U-MAN: U-Net with Multi-scale Adaptive KAN Network for Medical Image Segmentation
This work addresses segmentation challenges for medical imaging, offering incremental improvements over existing methods.
The paper tackled the problem of medical image segmentation by addressing limitations in U-Net architectures, such as semantic gaps and lack of multi-scale feature extraction, resulting in U-MAN outperforming state-of-the-art methods on datasets like BUSI, GLAS, and CVC with improved boundary accuracy and detail preservation.
Medical image segmentation faces significant challenges in preserving fine-grained details and precise boundaries due to complex anatomical structures and pathological regions. These challenges primarily stem from two key limitations of conventional U-Net architectures: (1) their simple skip connections ignore the encoder-decoder semantic gap between various features, and (2) they lack the capability for multi-scale feature extraction in deep layers.

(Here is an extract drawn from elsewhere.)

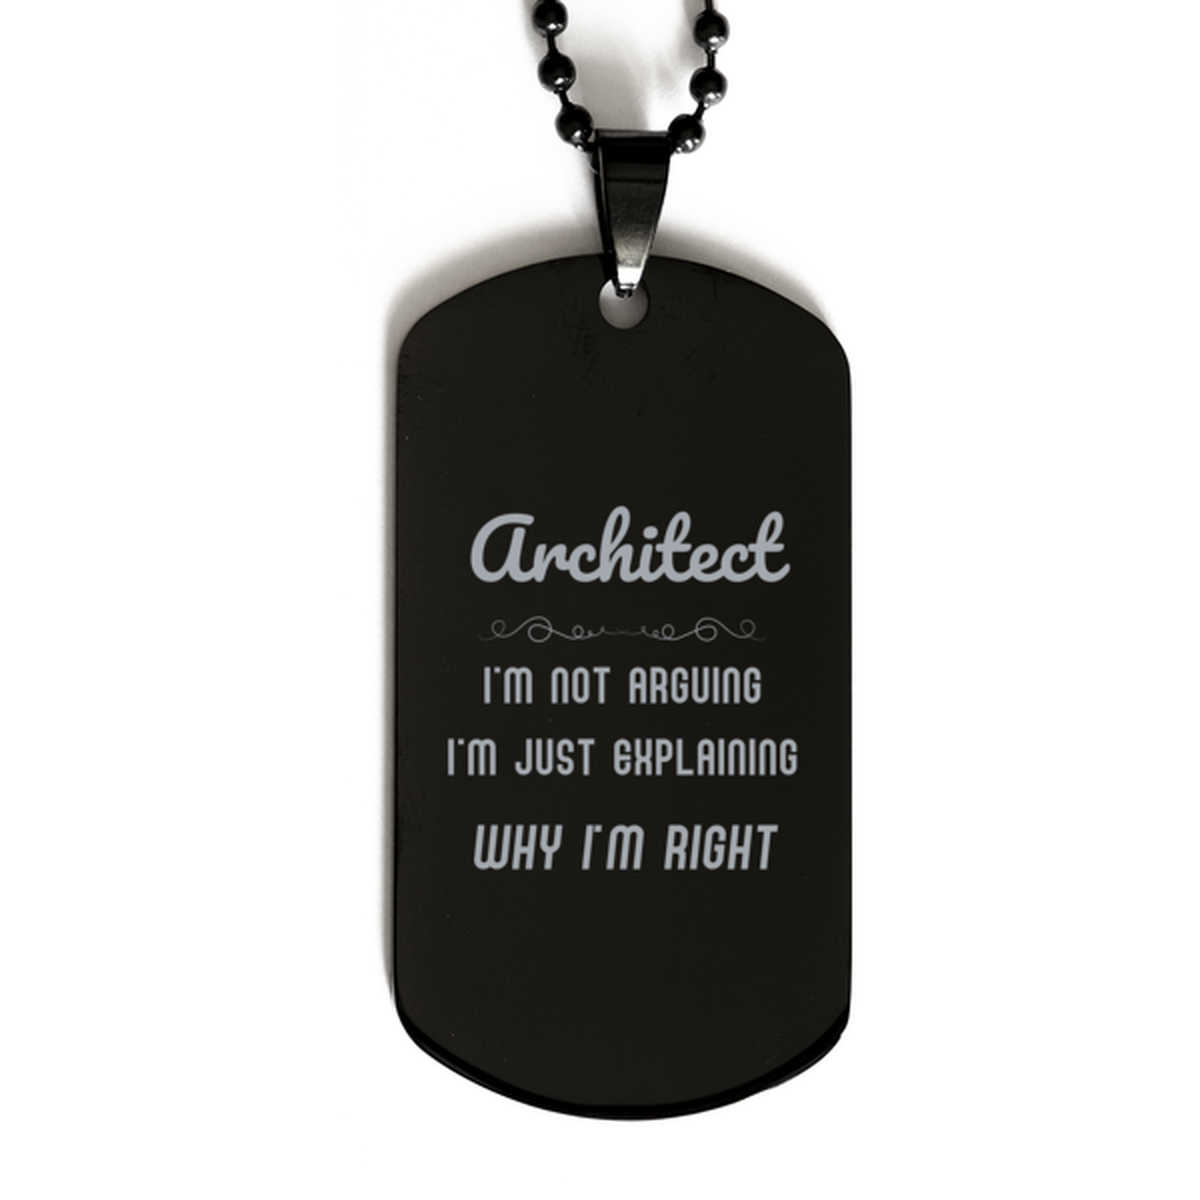 Architect I'm not Arguing. I'm Just Explaining Why I'm RIGHT Black Dog Tag, Funny Saying Quote Architect Gifts For Architect Graduation Birthday Christmas Gifts for Men Women Coworker

To address these challenges, we propose the U-Net with Multi-scale Adaptive KAN (U-MAN), a novel architecture that enhances the emerging Kolmogorov-Arnold Network (KAN) with two specialized modules: Progressive Attention-Guided Feature Fusion (PAGF) and the Multi-scale Adaptive KAN (MAN). Our PAGF module replaces the simple skip connection, using attention to fuse features from the encoder and decoder. The MAN module enables the network to adaptively process features at multiple scales, improving its ability to segment objects of various sizes. Experiments on three public datasets (BUSI, GLAS, and CVC) show that U-MAN outperforms state-of-the-art methods, particularly in defining accurate boundaries and preserving fine details.